To celebrate the birthday of our friend, the local physio, we all trundled off to a weekend away at Hole in the Wall – icon of the OR Tambo tourist district for many years. While leaving, Nonkululeko (big sister on the Siyephu farm) told us that it was appropriate for us to slaughter a sheep in the birthday girl's honour. We laughed and said we'd rather slaughter a cake. We were to be a party of 25, predominantly those employed in the medical profession, but others too including some british gap-year volunteers, Anna and myself, and one Jack the dog.

Jack it seems, has a propensity for meat. Fresh meat. Live meat, in fact. So much so that he took it upon himself to obtain some for dinner. A local farmer's ewe was the victim, and so was her unborn baby lamb. As the stars came out to glow, it was our task to retrieve said corpse from the far end of the beach.
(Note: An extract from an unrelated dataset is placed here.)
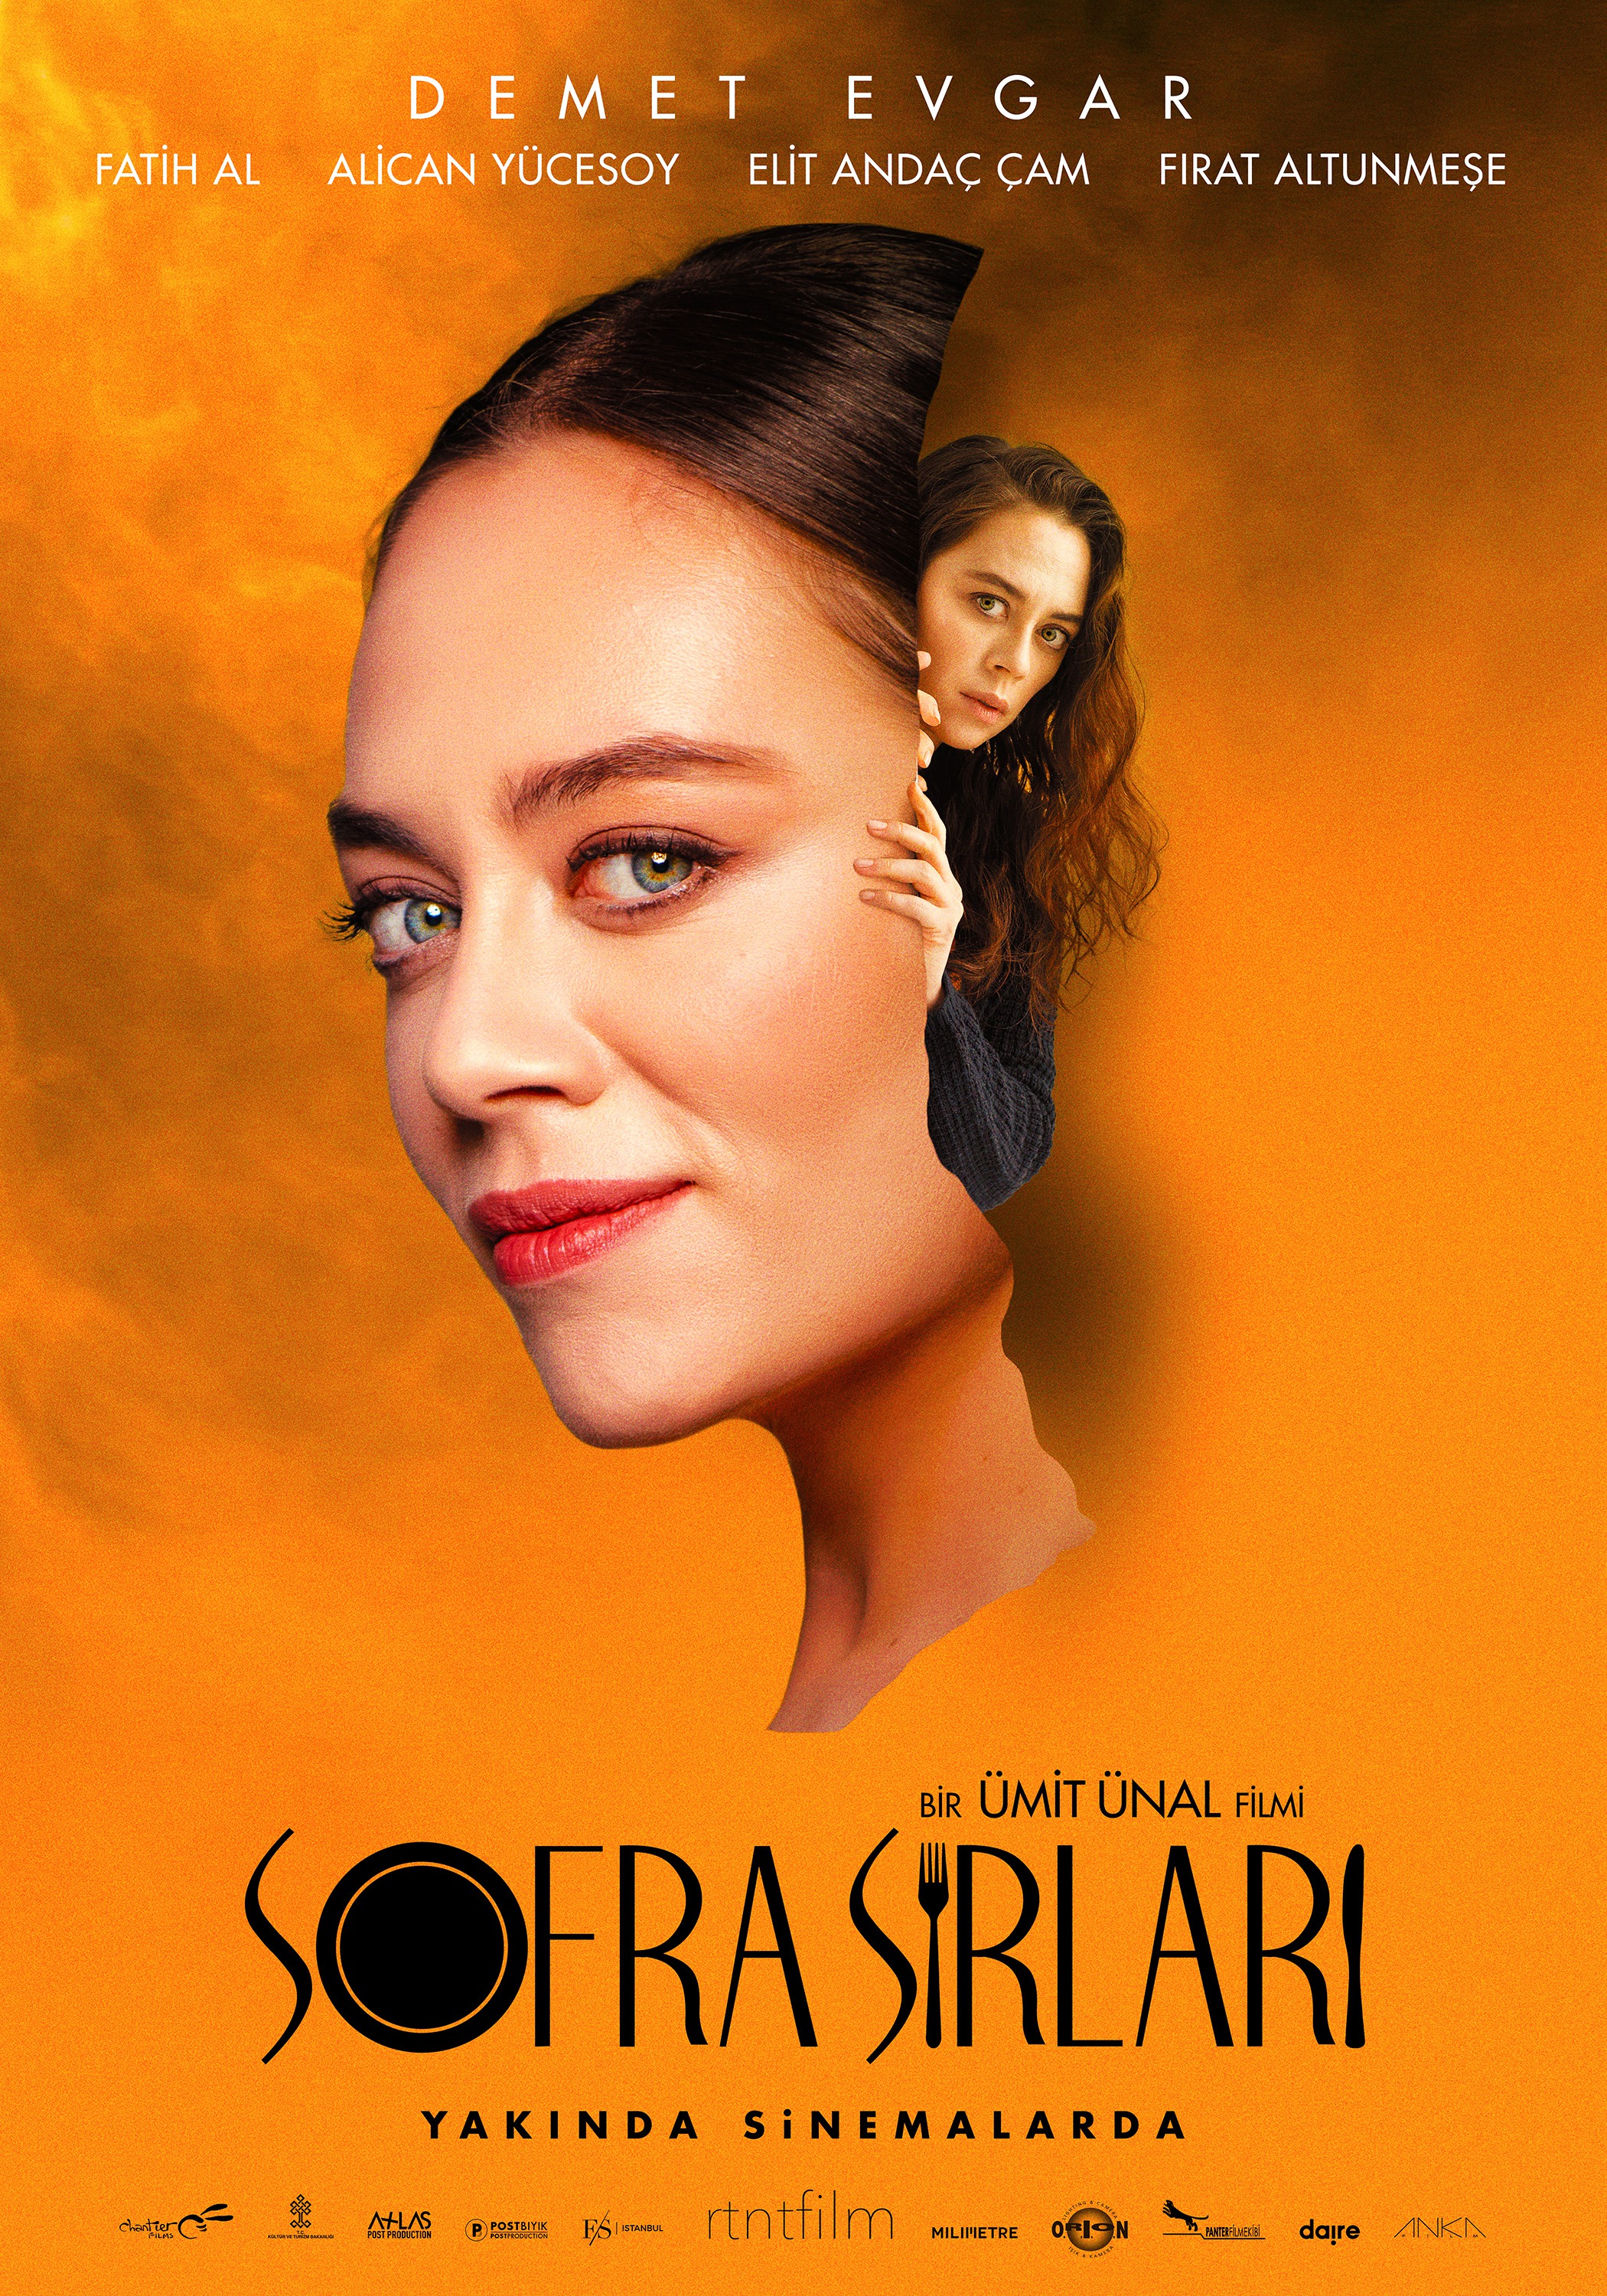 Mega Sized Movie Poster Image for Sofra sirlari

To kill a neighbour's sheep is a heinous crime, for which the farmer must be compensated. To negotiate a price, the 'man' in our party was called to the front – me. The farmer was alerted and came to make his claim. What ensued was a rather complicated affair of poorly spoken bargaining, some emergency phone calls to Tata Siyephu to ask the 'going rate' and a bit of good cop/bad cop thrown in. In the end, Jack put us out of some serious cash – the farmer agreed to the R750 we offered (R500 for the sheep, R250 for the lamb). The dissection/slaughtering was performed under the maglite glow of the local security guards' torch while the surgeon-at-scalpel amusedly tolerated the medical commentry from our academically keen party. Right up until the dead foetus was revealed. A sadness overtook him as he remarked that the lamb would likely have been born in about two weeks time.

The irony of Nonkululeko's demand was not lost on us as we adhered to traditional Xhosa custom and tucked into a delicious mutton potjie.